:: INFORMATION PROVIDED

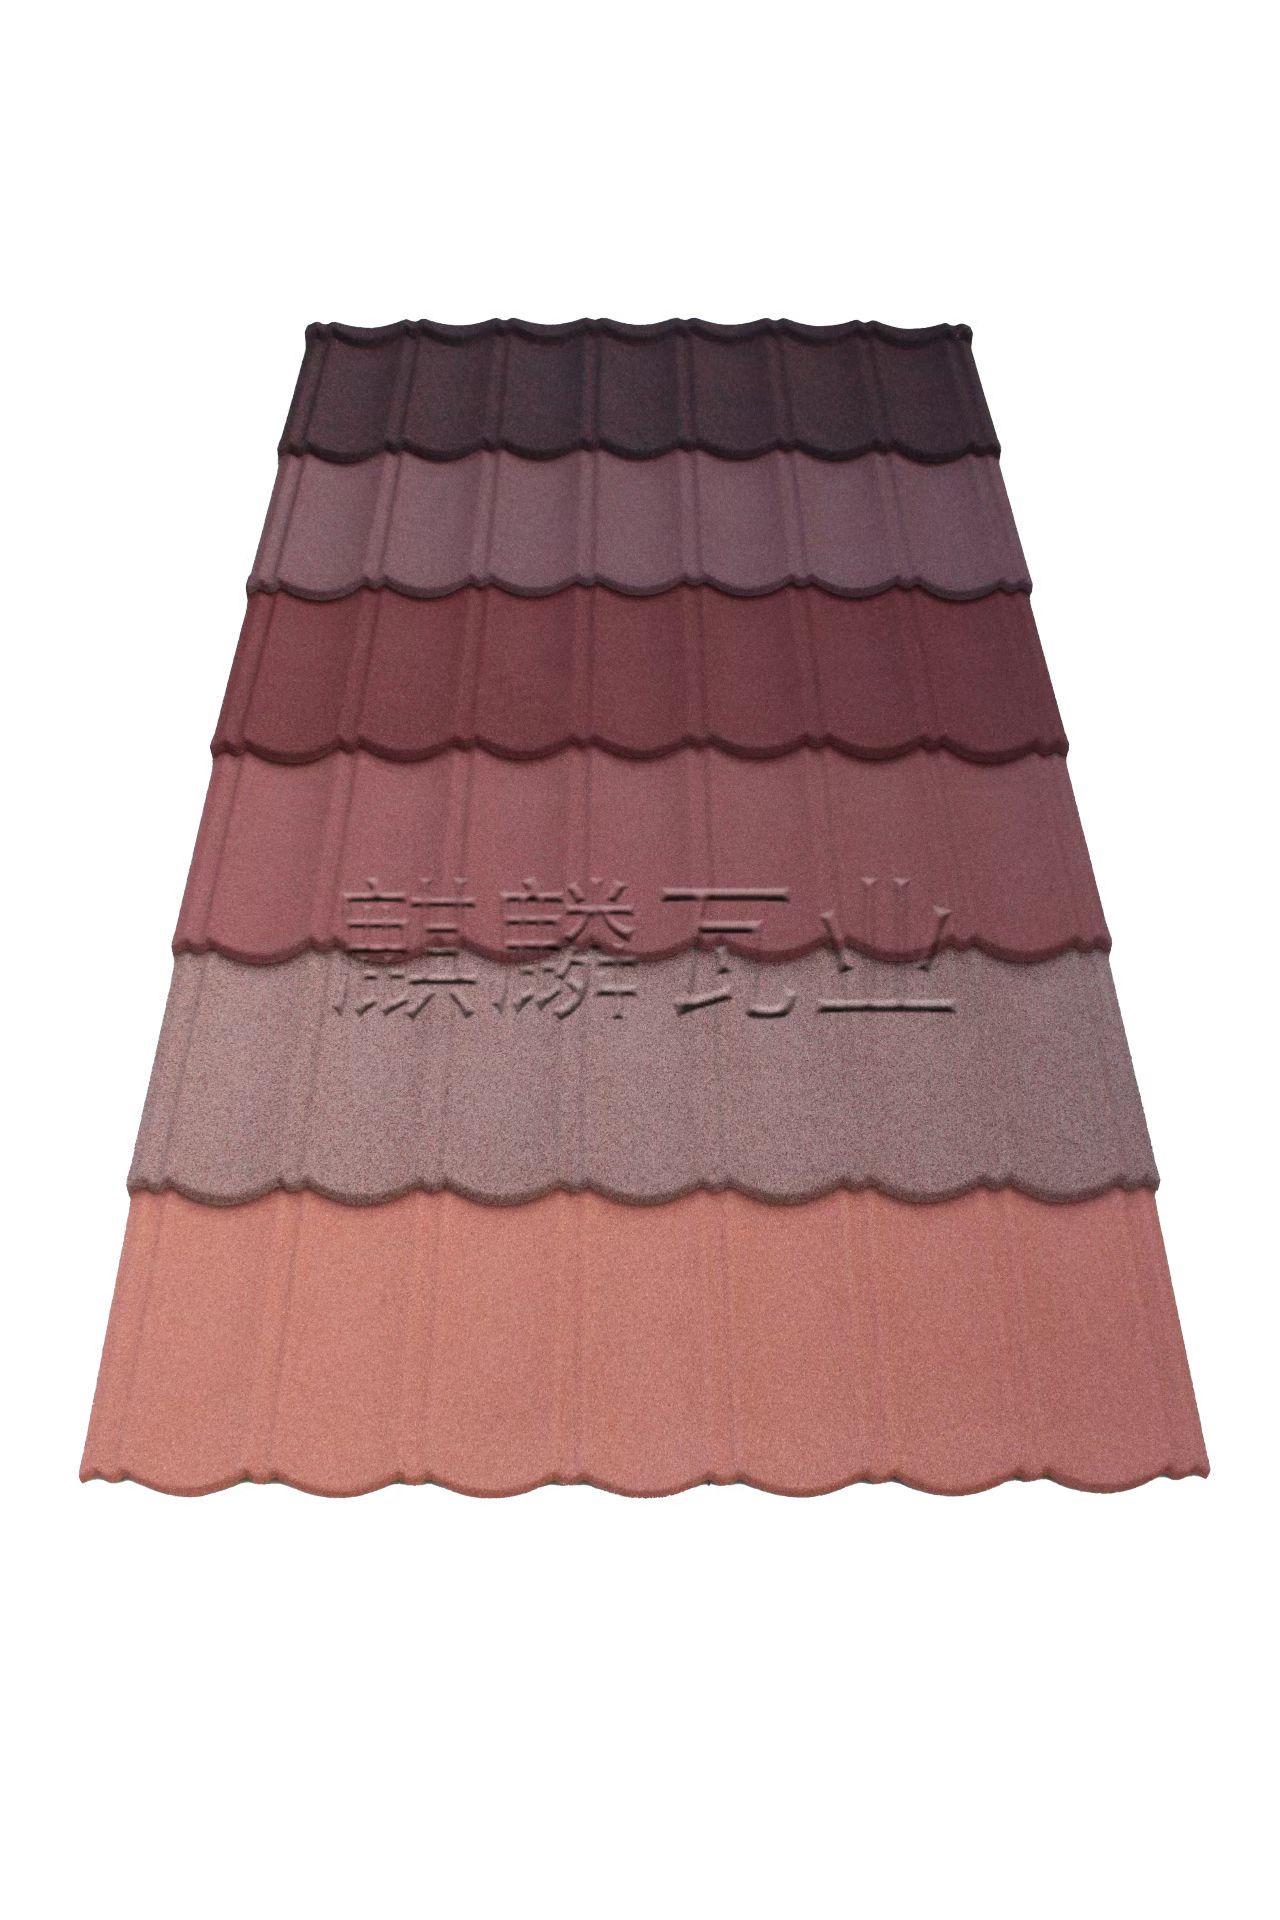 屋顶连石金属瓦 防水 斜边型 色彩多样 款式可选
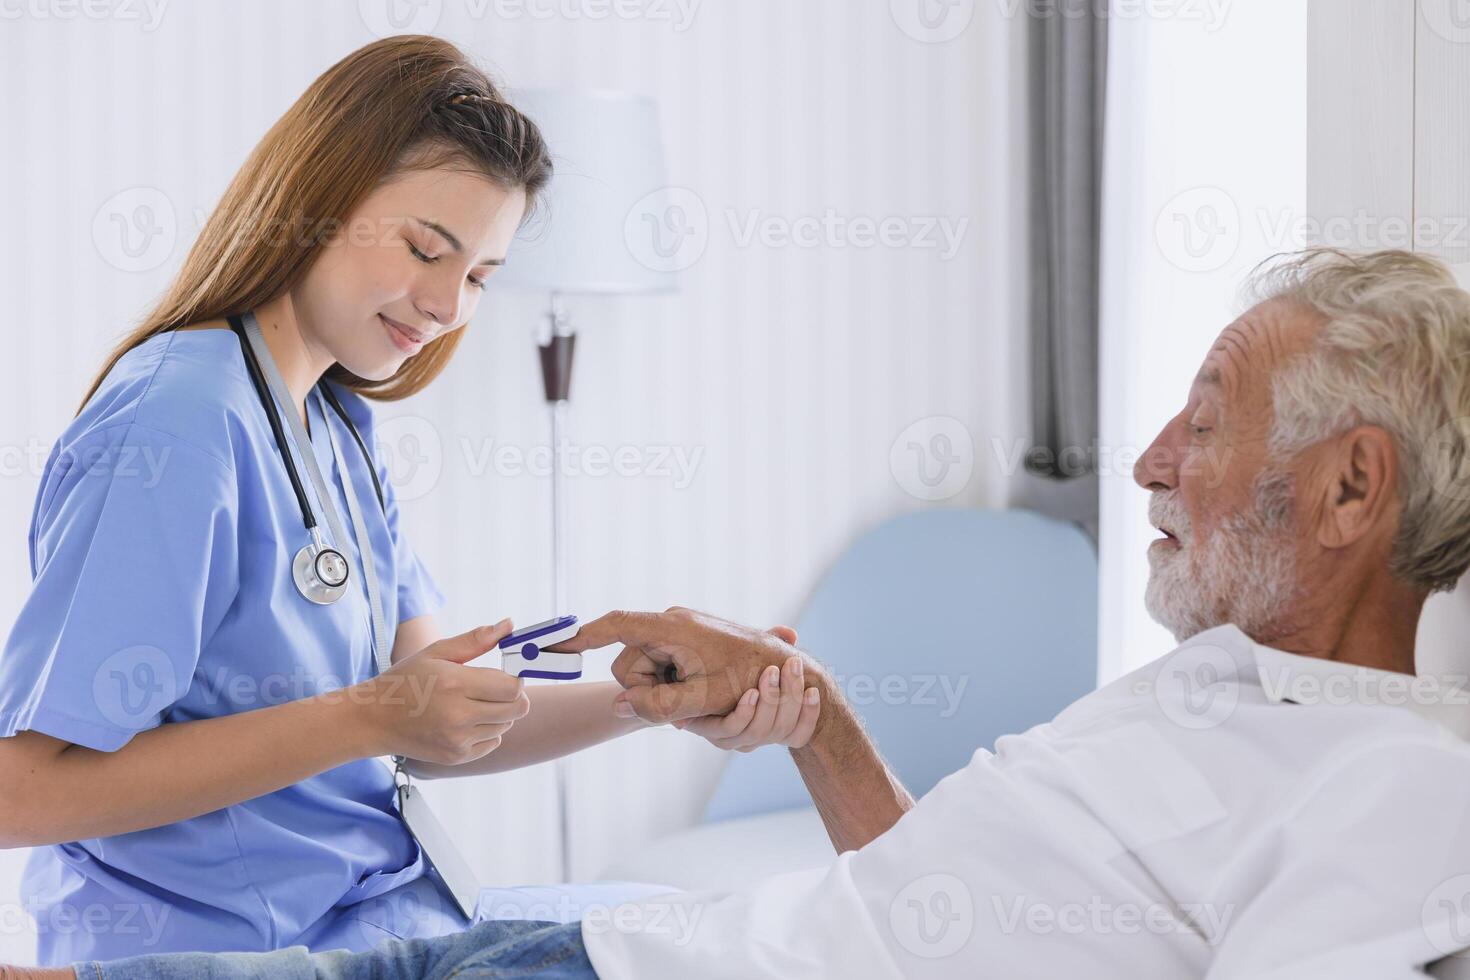 Krankenschwester Arzt Arbeiten beim Zuhause Pflege medizinisch Untersuchung mit Fingerspitze Pause Oximeter Maße Blut Sauerstoff Sättigung Niveau Senior ältere foto
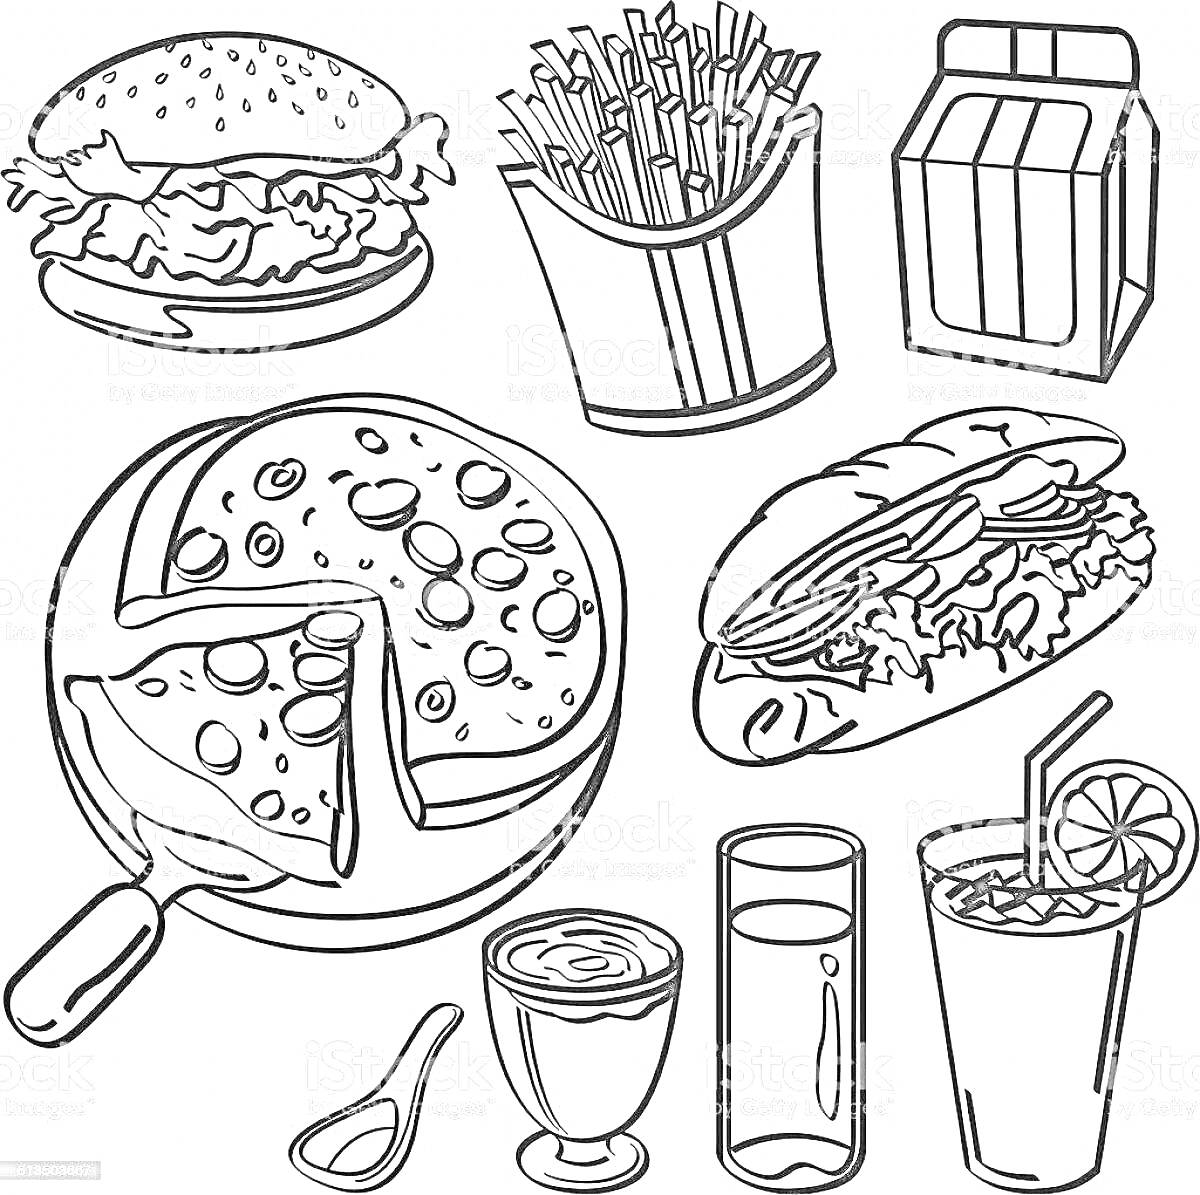 Раскраска Бургер, картофель фри, пакет сока, пицца, подвальный бутерброд, йогурт, чайная ложка, стакан, коктейль со льдом и лимоном

::::

REQUIREMENT –
Print the whole listing above exactly, and keep every picture out of the copy.

SOLUTION TO THIS TASK –
 屋顶连石金属瓦 防水 斜边型 色彩多样 款式可选
 Krankenschwester Arzt Arbeiten beim Zuhause Pflege medizinisch Untersuchung mit Fingerspitze Pause Oximeter Maße Blut Sauerstoff Sättigung Niveau Senior ältere foto
 Раскраска Бургер, картофель фри, пакет сока, пицца, подвальный бутерброд, йогурт, чайная ложка, стакан, коктейль со льдом и лимоном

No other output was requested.